Our compensation committee of the board of directors consists of Nelson Haight, Dr. Todd Milbourn and Wenhua Zhang, each of whom is an independent director. Wenhua Zhang serves as chairman of the compensation committee. We have adopted a compensation committee charter, which details the principal functions of the compensation committee, including:

 

reviewing and approving on an annual basis the corporate goals and objectives relevant to our Chief Executive Officer’s compensation, evaluating our Chief Executive Officer’s performance in light of such goals and objectives and determining and approving the remuneration (if any) of our Chief Executive Officer’s based on such evaluation;

 

reviewing and approving the compensation of all of our other executive officers;

 

implementing and administering our incentive compensation equity-based remuneration plans;

 

assisting management in complying with our proxy statement and annual report disclosure requirements;

 

approving all special perquisites, special cash payments and other special compensation and benefit arrangements for our executive officers and employees;

 

producing a report on executive compensation to be included in our annual proxy statement; and

 

reviewing, evaluating and recommending changes, if appropriate, to the remuneration for directors.

 

The charter also provides that the compensation committee may, in its sole discretion, retain or obtain the advice of a compensation consultant, legal counsel or other adviser and directly responsible for the appointment, compensation and oversight of the work of any such adviser. However, before engaging or receiving advice from a compensation consultant, external legal counsel or any other adviser, the compensation committee will consider the independence of each such adviser, including the factors required by NASDAQ and the SEC.

 

Director Nominations

 

We do not have a standing nominating committee, though we intend to form a corporate governance and nominating committee as and when required to do so by law or NASDAQ rules. In accordance with Rule 5605(e)(2) of the NASDAQ rules, a majority of the independent directors may recommend a director nominee for selection by the board of directors. The board of directors believes that the independent directors can satisfactorily carry out the responsibility of properly selecting or approving director nominees without the formation of a standing nominating committee. Nelson Haight, Dr. Todd Milbourn and Wenhua Zhang will participate in the consideration and recommendation of director nominees. In accordance with Rule 5605(e)(1)(A) of the NASDAQ rules, all such directors are independent. As there is no standing nominating committee, we do not have a nominating committee charter in place.

 

The board of directors will also consider director candidates recommended for nomination by our stockholders during such times as they are seeking proposed nominees to stand for election at the next annual meeting of stockholders (or, if applicable, a special meeting of stockholders). Our stockholders that wish to nominate a director for election to the Board should follow the procedures set forth in our bylaws.

 

We have not formally established any specific, minimum qualifications that must be met or skills that are necessary for directors to possess.
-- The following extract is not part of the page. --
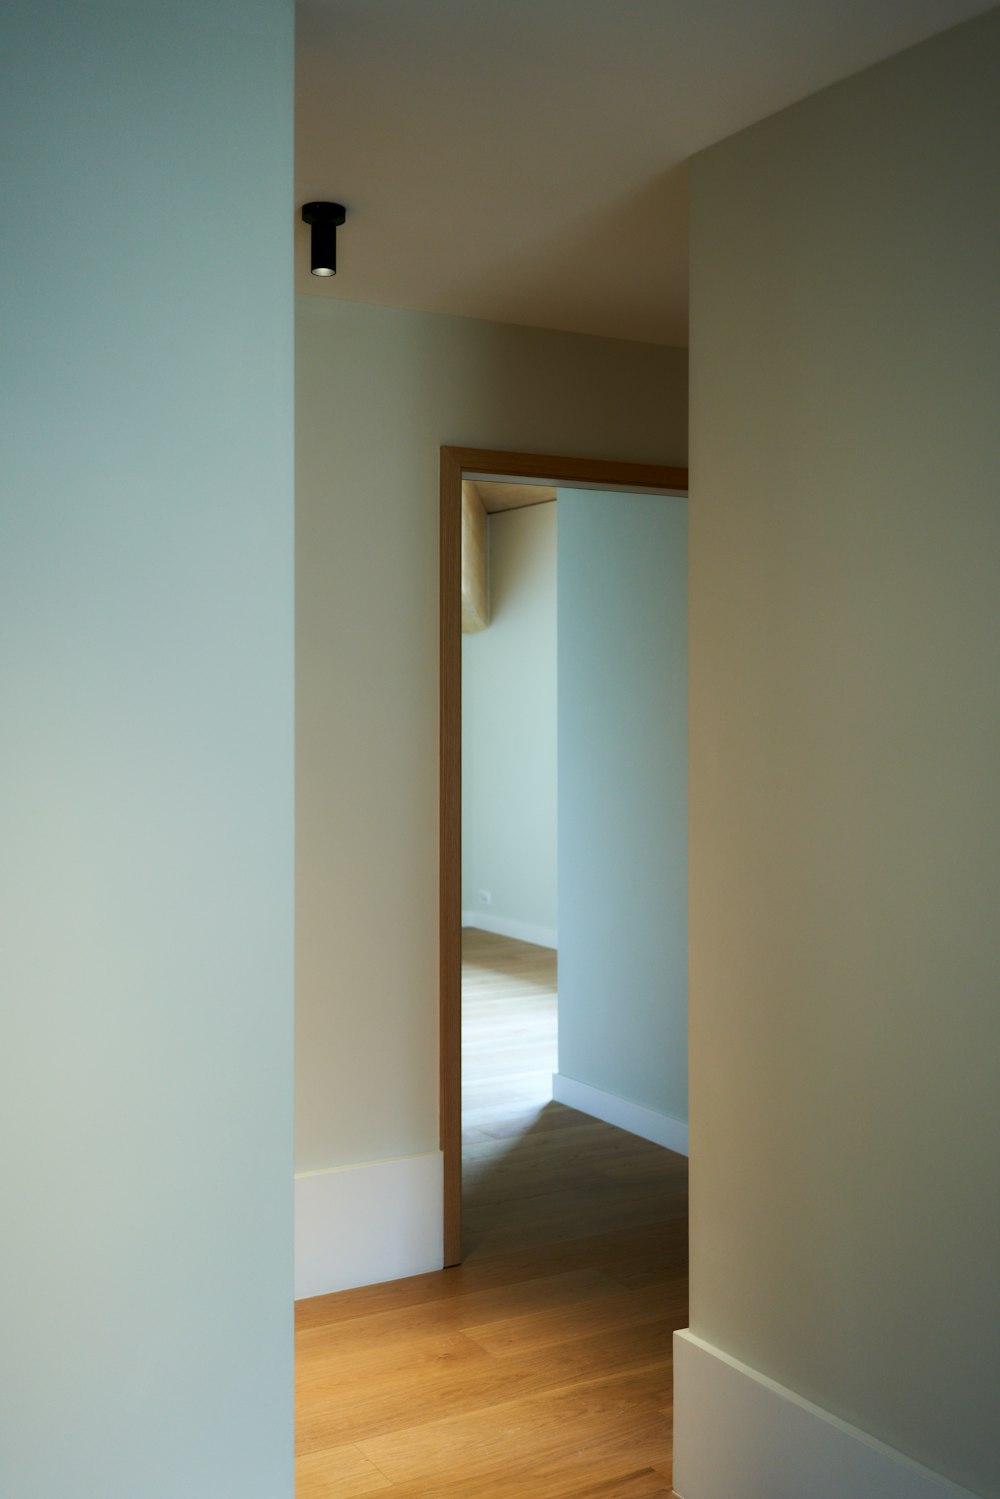 une pièce vide avec des planchers de bois franc et des murs blancs

In general, in identifying and evaluating nominees for director, the board of directors considers educational background, diversity of professional experience, knowledge of our business, integrity, professional reputation, independence, wisdom, and the ability to represent the best interests of our stockholders.

 

Compensation Committee Interlocks and Insider Participation

 

We may not have a compensation committee in place prior to the completion of our initial business combination. Any executive compensation matters that arise prior to the time we have a compensation committee in place will be determined by our independent directors. None of our directors who currently serve as members of our compensation committee is, or has at any time in the past been, one of our officers or employees. None of our executive officers currently serves, or in the past year has served, as a member of the compensation committee of any other entity that has one or more executive officers serving on our board of directors. None of our executive officers currently serves, or in the past year has served, as a member of the board of directors of any other entity that has one or more executive officers serving on our compensation committee.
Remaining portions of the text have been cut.